Amen! ICE models are ultimately more bullet proof and reliable. Hybrids have less parts (no starting motor, no alternator). Hybrids may need less maintenance (regen brakes don't wear out as soon as gas models normal ABS brakes). It's easier to do maintenance on some hybrid parts (eCVT trans easier to drain and refill than the 8 speed.) Hybrids are slightly faster than ICE models. Hybrids are quieter than ICE models. However, all those hybrid advantages are worth NOTHING if the hybrid craps out and won't run because of the "cable gate" wire corrosion issue. What's going to happen to salt belt hybrids when they are completely out of warranty and the customer support program wire replacement repair has already been done once and then the replacement wire corrodes and fails a second time? Yeah--I'm waiting for all you guys chiming in to say you spray anti-corrosives on the wire connection to prevent failure...you think all hybrid owners are also doing this?
 
#37 ·
My car hasn’t been driven in snow yet, but does anyone know if I rinse the underside of my car after it’s been in the snow and salt, will that keep those wires from corroding?
The garage where I bring my car to wash it has a manual machine I can use to rinse the underside of my car. Can someone tell me the location where the wires we’re talking about are? I’m planning on spending extra time rinsing that area.
 
#22 ·
I saturated my cable with ACF50 last week. It took longer to remove the plastic underbody cover than it took to spray it down. There's no need to disconnect anything unless you plan on unbolting the connector plug. I'll check it again next spring after it's gone through it's first Iowa winter.
 
#34 ·
My 2023 XLE Premium was delivered in mid July from Japan. I’m hoping that by then the improved clamshell cover might have been installed. Will have my dealer inspect during the initial free tire rotation - but in the meantime, I’m not too worried about this, as our roads are not salted here.
 
#41 ·
yeah if you don't want 1970's style maintenance (some work needed by owner) for your own vehicle, sure.
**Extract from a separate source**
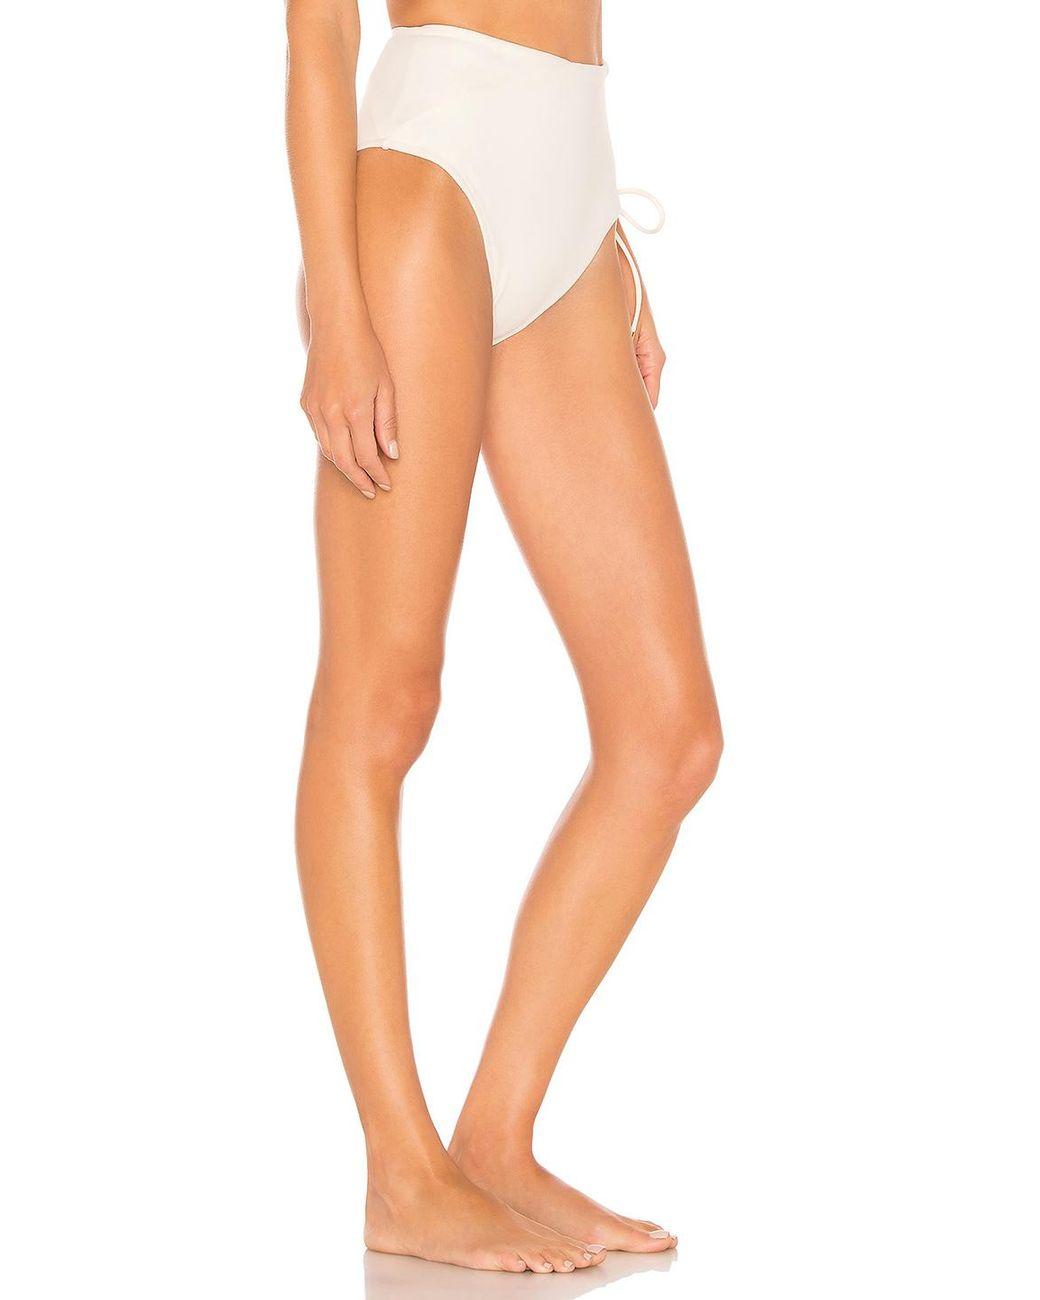 413c5718c974f Kopper & Zink Romeo Bikini Bottom - Lyst

--------------------------

I consider my 2022 rav4 Hybrid -perfect- but with an asterisk

Perfect*

*but
you need to take care of the cablegate issue yourself if you drive in salty water (snow belt states)

it's a super boneheaded design decision by engineers or management and I'm
sure someone at Toyota must have chimed in on the new transaxle layout... BUT BUT what about corrosion
in snow states/Canada and was shot down by beancounters
 
#47 ·
Everyone 100% has the right to do whatever they want to their vehicles.

I personally believe:
A. The percentage of vehicles that have been and will be rendered unusable by corrosion of version 1 (clamshell not open, no plastic cover) is very low relative to total vehicle sales.
B. The percentage of vehicles that have been and will be rendered unusable by corrosion of version 2 (clamshell open, no plastic cover) is and will be even lower than (A).
C. The percentage of vehicles that have been and will be rendered unusable by corrosion of version 3 (clamshell open, with plastic cover) is and will be even lower than (B).
D. The percentage of vehicles that have been and will be rendered unusable by corrosion of version 4 (clamshell open, with plastic cover, new connector w/foam) is and will be even lower than (C).

And finally:
E. Like many components under the vehicle, some corrosion simply being visible does not imply that a failure will definitely occur that renders the vehicle unusable. I don't believe that many of the customers that are treating their own cables even understand the actual specific failure mode. They assume that corrosion anywhere on the cable will brick the vehicle, which isn't true.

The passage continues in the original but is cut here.